A description/proof of that for nonempty set with partial ordering with no minimal element, there is function from natural numbers set to set, for which image of number is larger than image of next number
Topics
About: set
The table of contents of this article
Starting Context
- The reader knows a definition of set.
- The reader knows a definition of partial ordering.
- The reader knows a definition of minimal element for partial ordering.
- The reader admits the recursion theorem for the natural numbers set.
Target Context
- The reader will have a description and a proof of the proposition that for any nonempty set with any partial ordering with no minimal element, there is a function from the natural numbers set to the set, for which the image of any number is larger than the image of the next number.
Orientation
There is a list of definitions discussed so far in this site.

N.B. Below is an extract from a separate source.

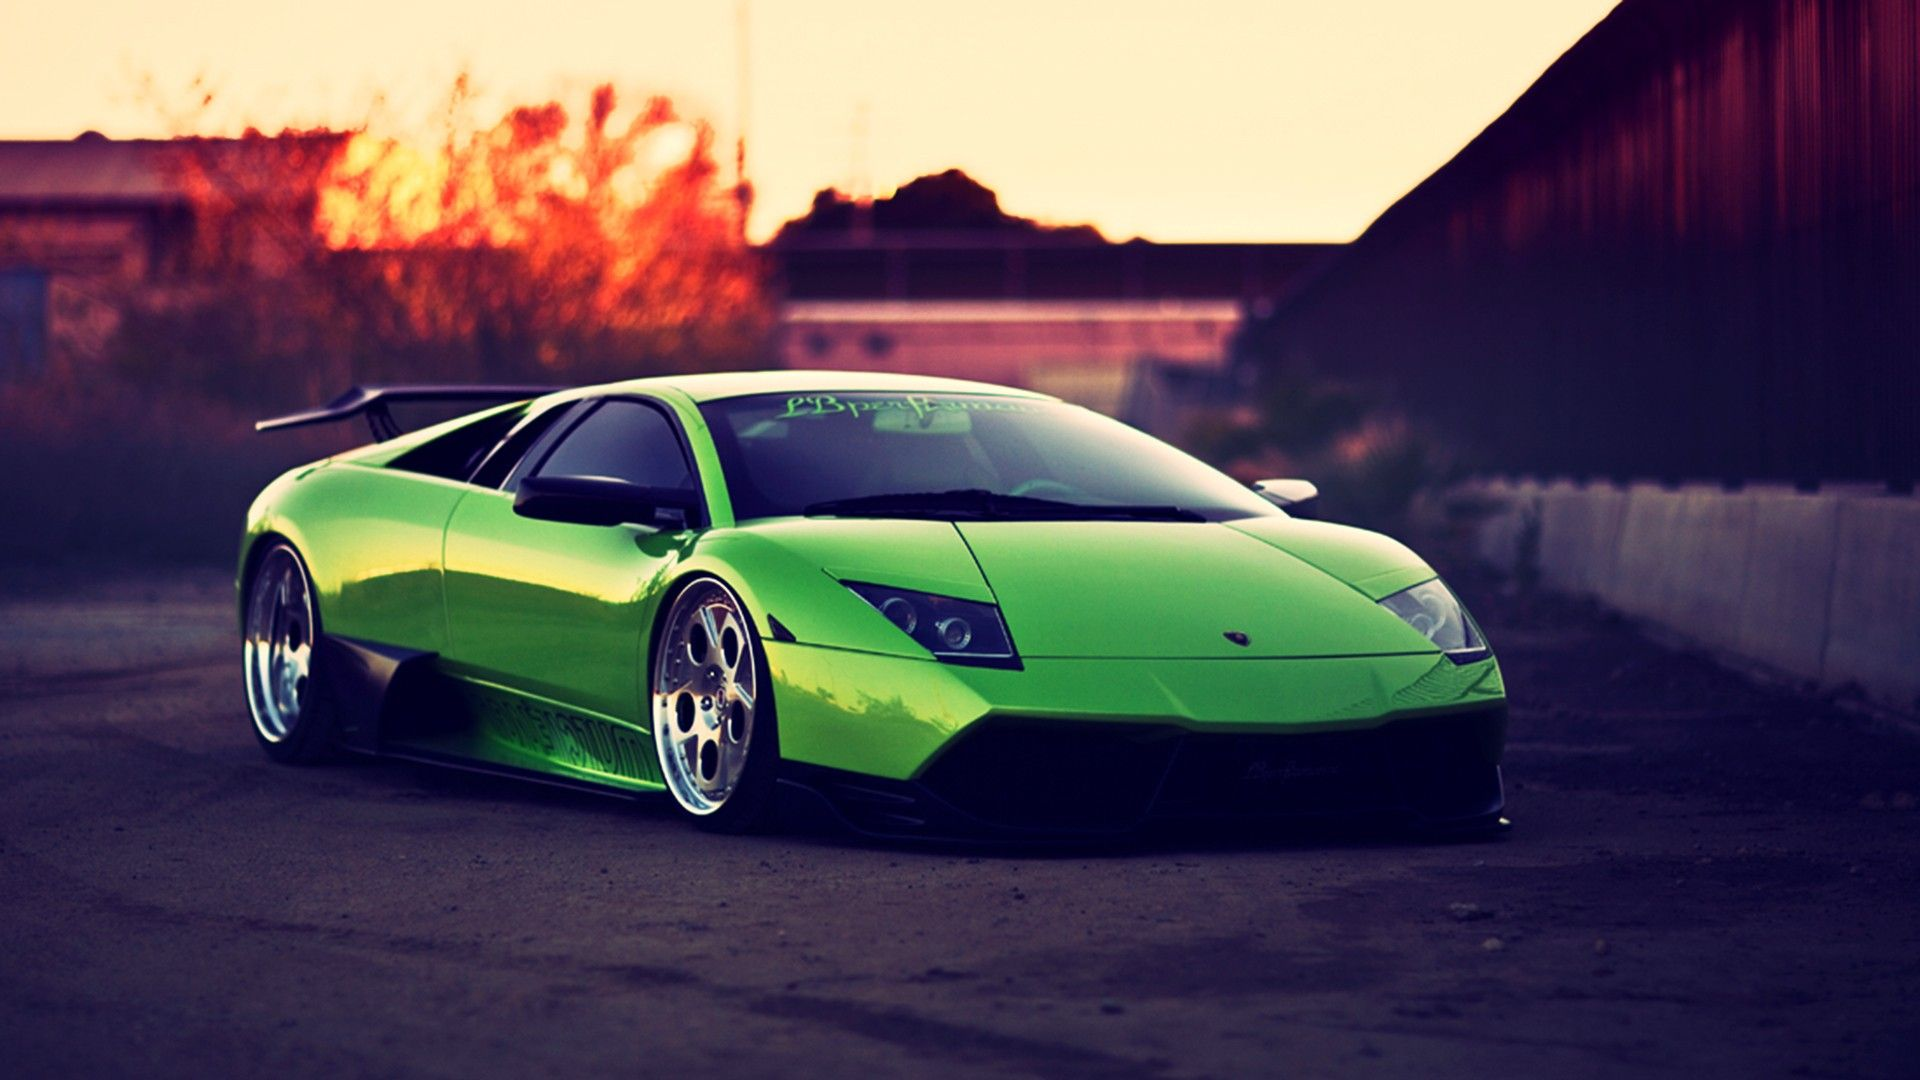 8b0a3848b677ff4ee15d0f8b5755ce0a Exciting Lamborghini Huracán Lp 610-4 Cena Cars Trend

There is a list of propositions discussed so far in this site.
Main Body
1: Description
For any set, \(S\), with any partial ordering, \(\lt\), with no minimal element, which means that for any element, \(p \in S\), there is an element, \(p' \in S\), such that \(p' \lt p\), there is a function, \(f: \omega \rightarrow S\) where \(\omega\) is the natural numbers set such that \(f (n + 1) \lt f (n)\) for any \(n \in \omega\).
2: Proof
There is the function, \(g: S \rightarrow Pow S, p \mapsto \{p' \in S\vert p' \lt p\} \neq \emptyset\). By the choice axiom 2), there is a function, \(h: S \rightarrow S, h (p) \in g (p)\). Let us take any \(p_0 \in S\). By the recursion theorem for the natural numbers set, there is a function, \(f: \omega \rightarrow S, f (0) = p_0, f (n + 1) = h (f (n))\). Then, \(h (f (n)) \in g (f (n))\), so, \(h (f (n)) = f (n + 1) \lt f (n)\).